Department of Statistical Science, Duke University, Durham, North Carolina 27708, USA.
Am J Epidemiol. 2010 Nov 1;172(9):1070-6. doi: 10.1093/aje/kwq260. Epub 2010 Sep 14.
Multiple imputation is particularly well suited to deal with missing data in large epidemiologic studies, because typically these studies support a wide range of analyses by many data users. Some of these analyses may involve complex modeling, including interactions and nonlinear relations. Identifying such relations and encoding them in imputation models, for example, in the conditional regressions for multiple imputation via chained equations, can be daunting tasks with large numbers of categorical and continuous variables. The authors present a nonparametric approach for implementing multiple imputation via chained equations by using sequential regression trees as the conditional models. This has the potential to capture complex relations with minimal tuning by the data imputer. Using simulations, the authors demonstrate that the method can result in more plausible imputations, and hence more reliable inferences, in complex settings than the naive application of standard sequential regression imputation techniques. They apply the approach to impute missing values in data on adverse birth outcomes with more than 100 clinical and survey variables. They evaluate the imputations using posterior predictive checks with several epidemiologic analyses of interest.

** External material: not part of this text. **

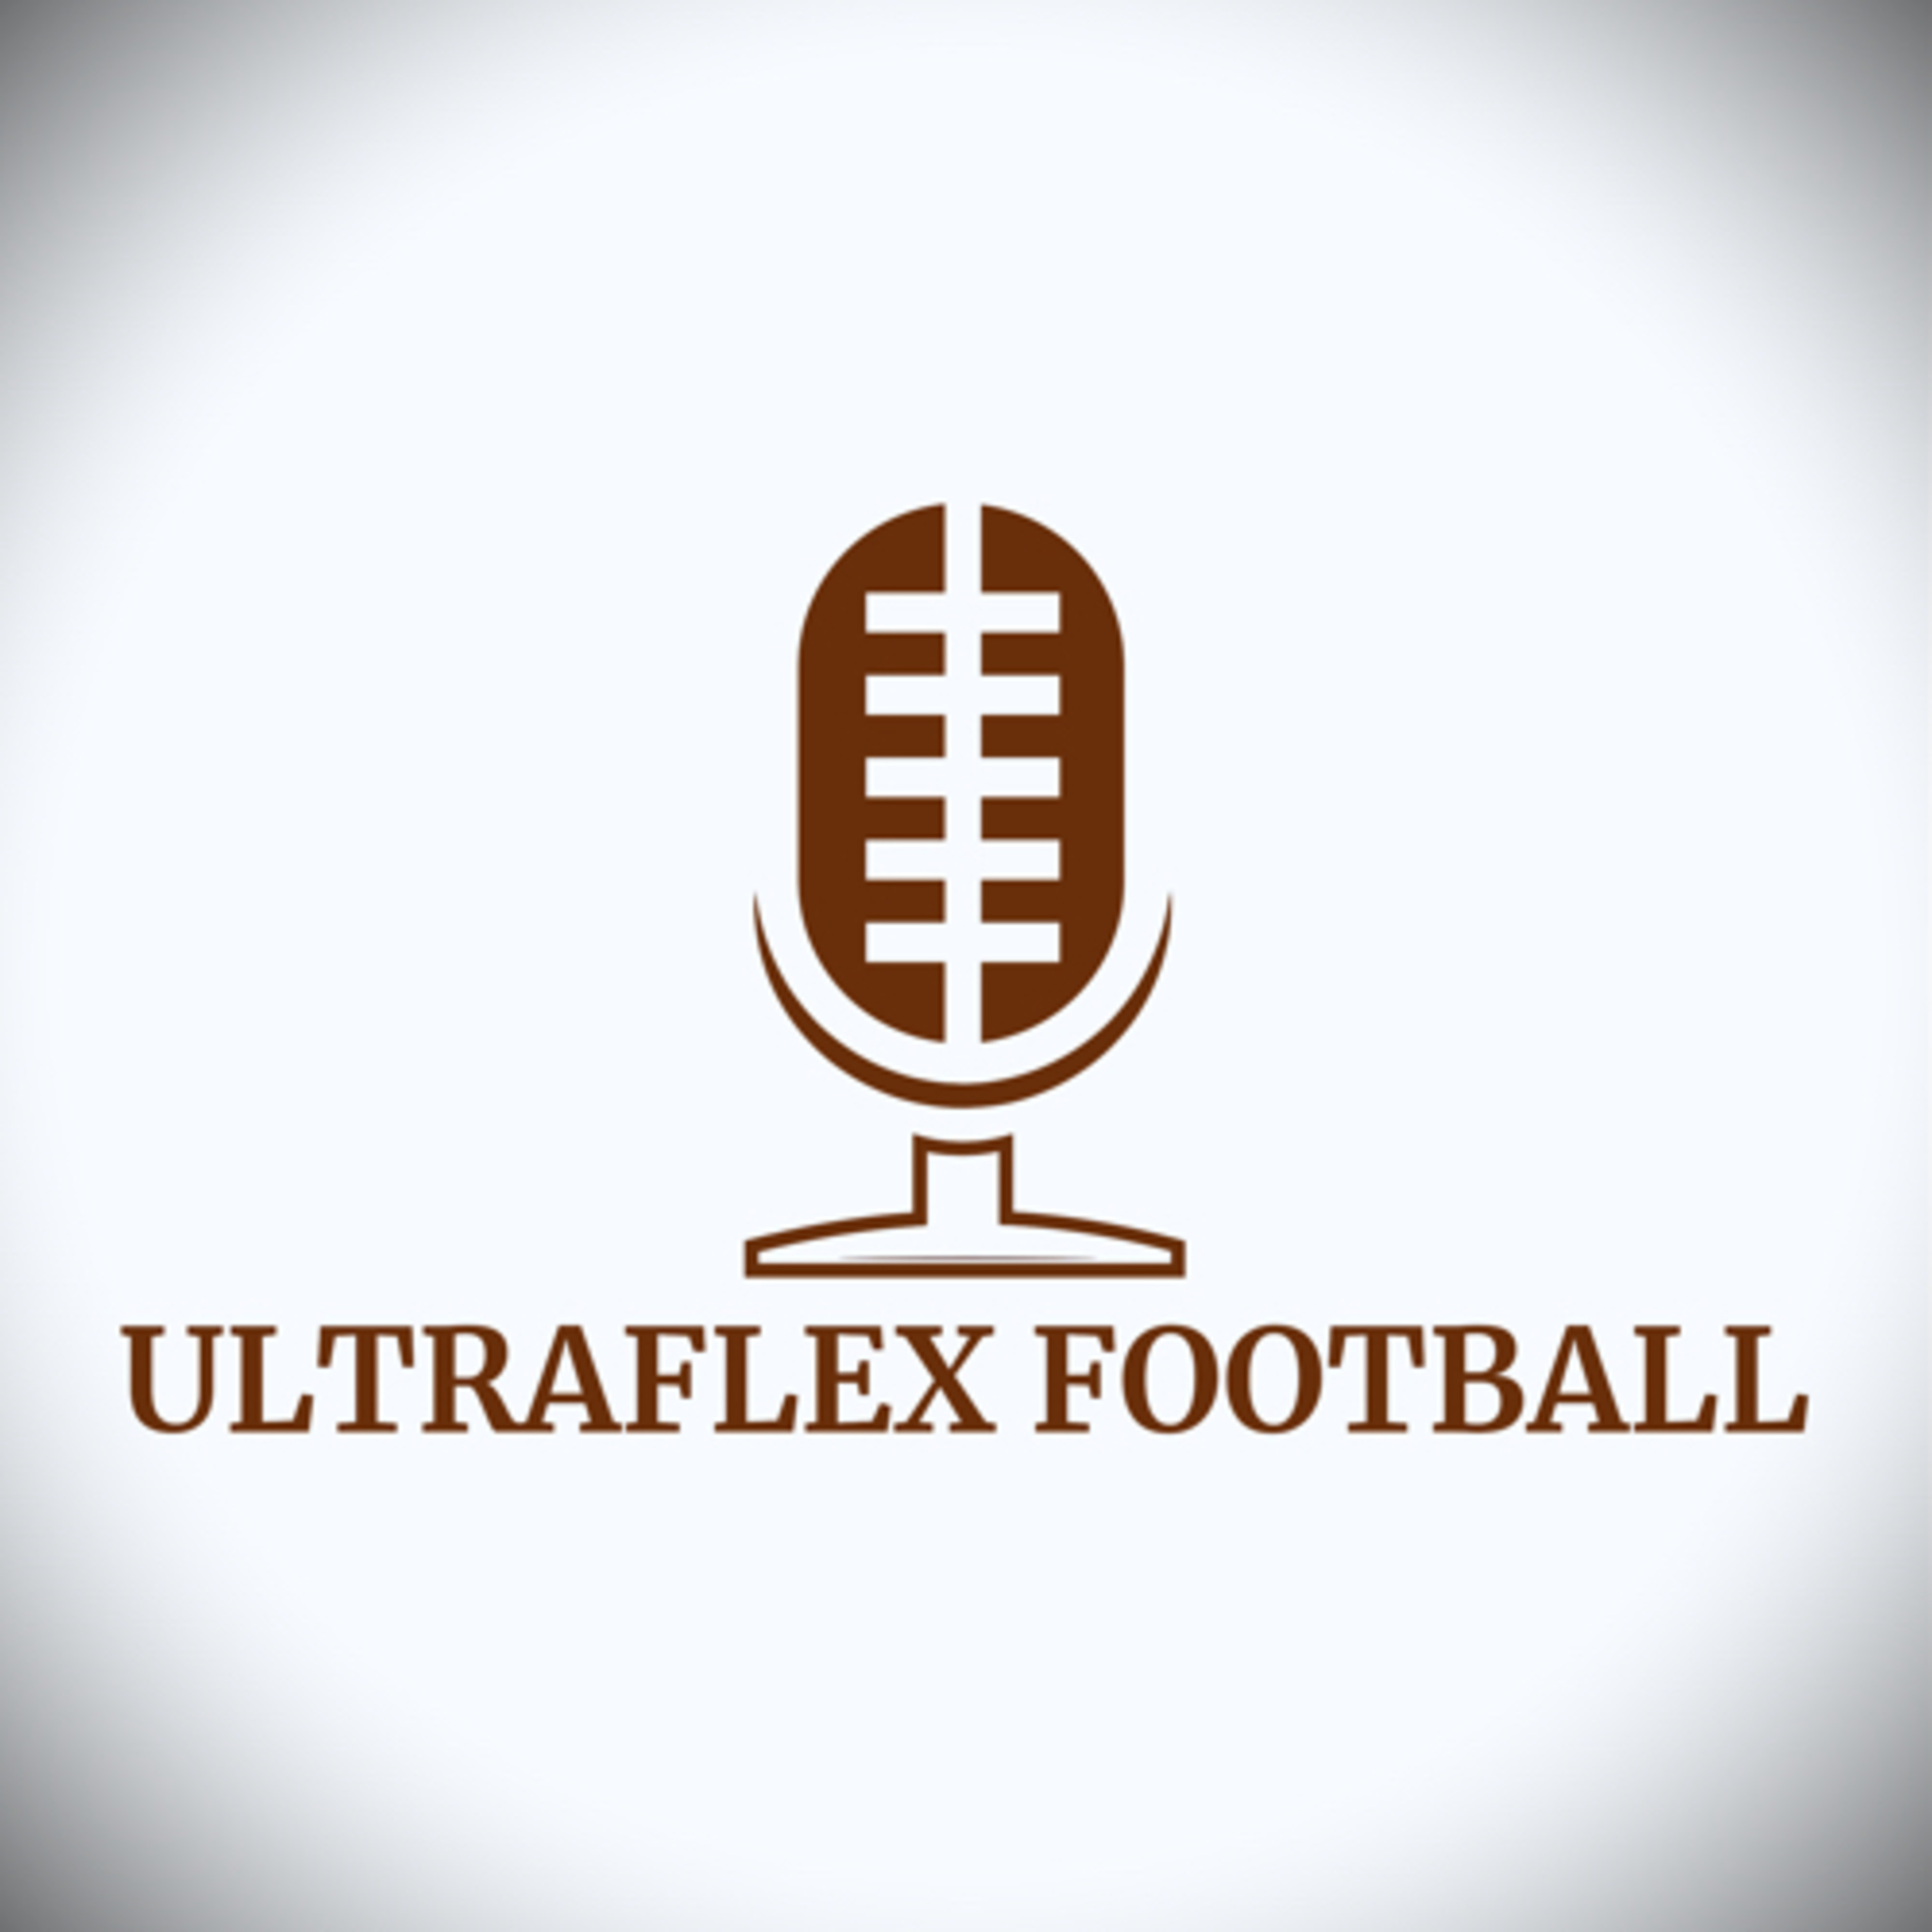 Ultraflex Football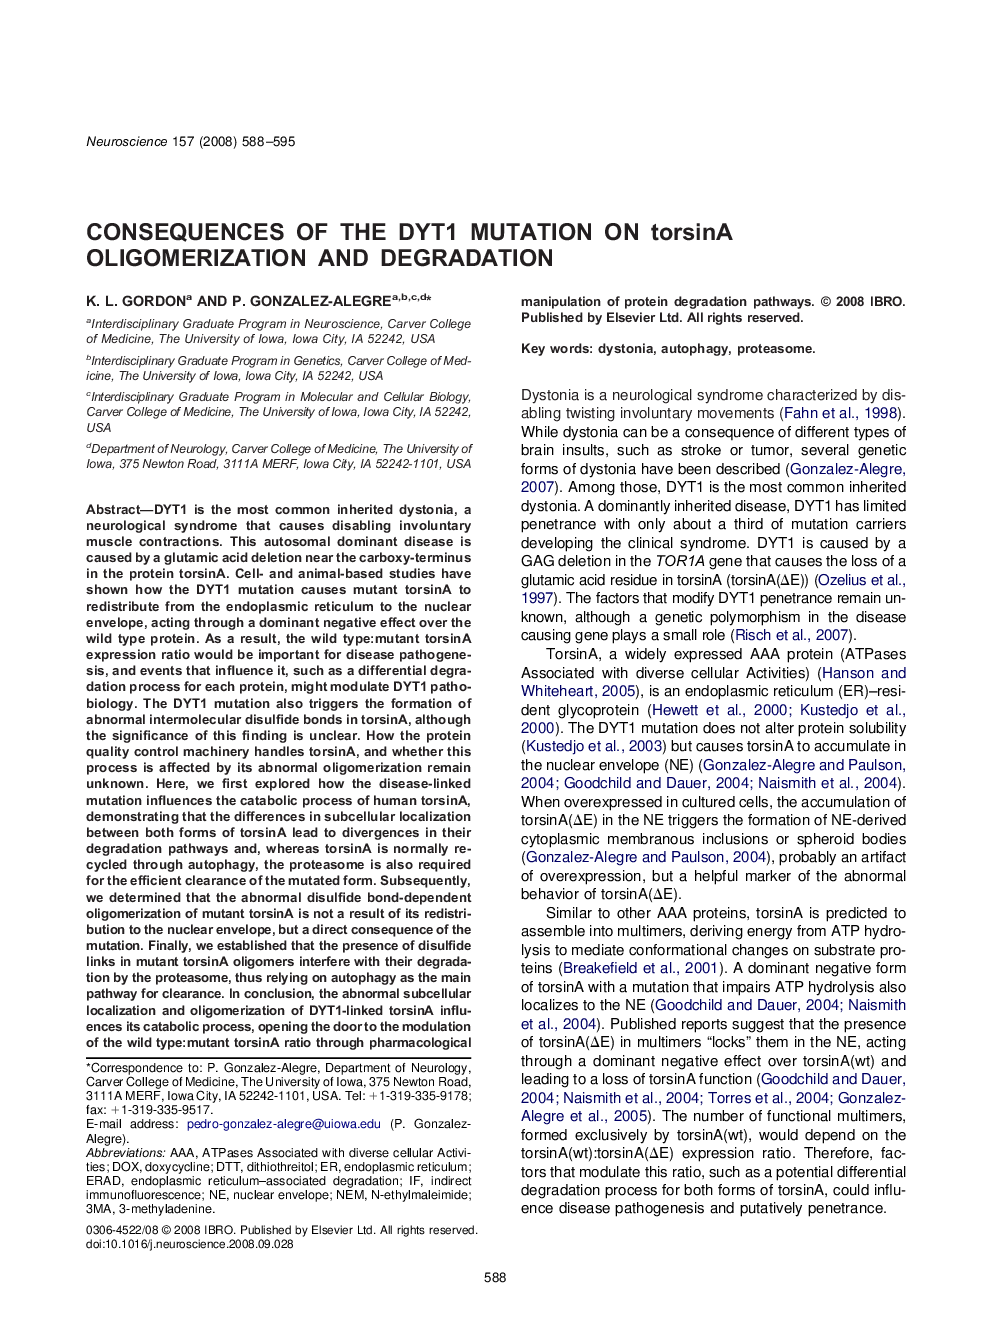 Consequences of the DYT1 mutation on torsinA oligomerization and degradation

多重插补特别适合处理大型流行病学研究中的缺失数据,因为这些研究通常支持许多数据使用者进行广泛的分析。其中一些分析可能涉及复杂的建模,包括交互作用和非线性关系。在通过链式方程进行多重插补的条件回归中,确定这些关系并将其编码到插补模型中,对于具有大量分类和连续变量的情况来说,可能是一项艰巨的任务。作者提出了一种非参数方法,通过使用序贯回归树作为条件模型来实现通过链式方程进行的多重插补。通过数据插补器进行最小的调整,这种方法具有捕捉复杂关系的潜力。通过模拟,作者证明在复杂环境中,该方法可以产生更合理的插补值,从而更可靠地进行推断,而不是简单地应用标准的序贯回归插补技术。他们将该方法应用于 100 多个临床和调查变量的不良出生结局数据中缺失值的插补。他们使用感兴趣的几种流行病学分析进行后验预测检查来评估插补值。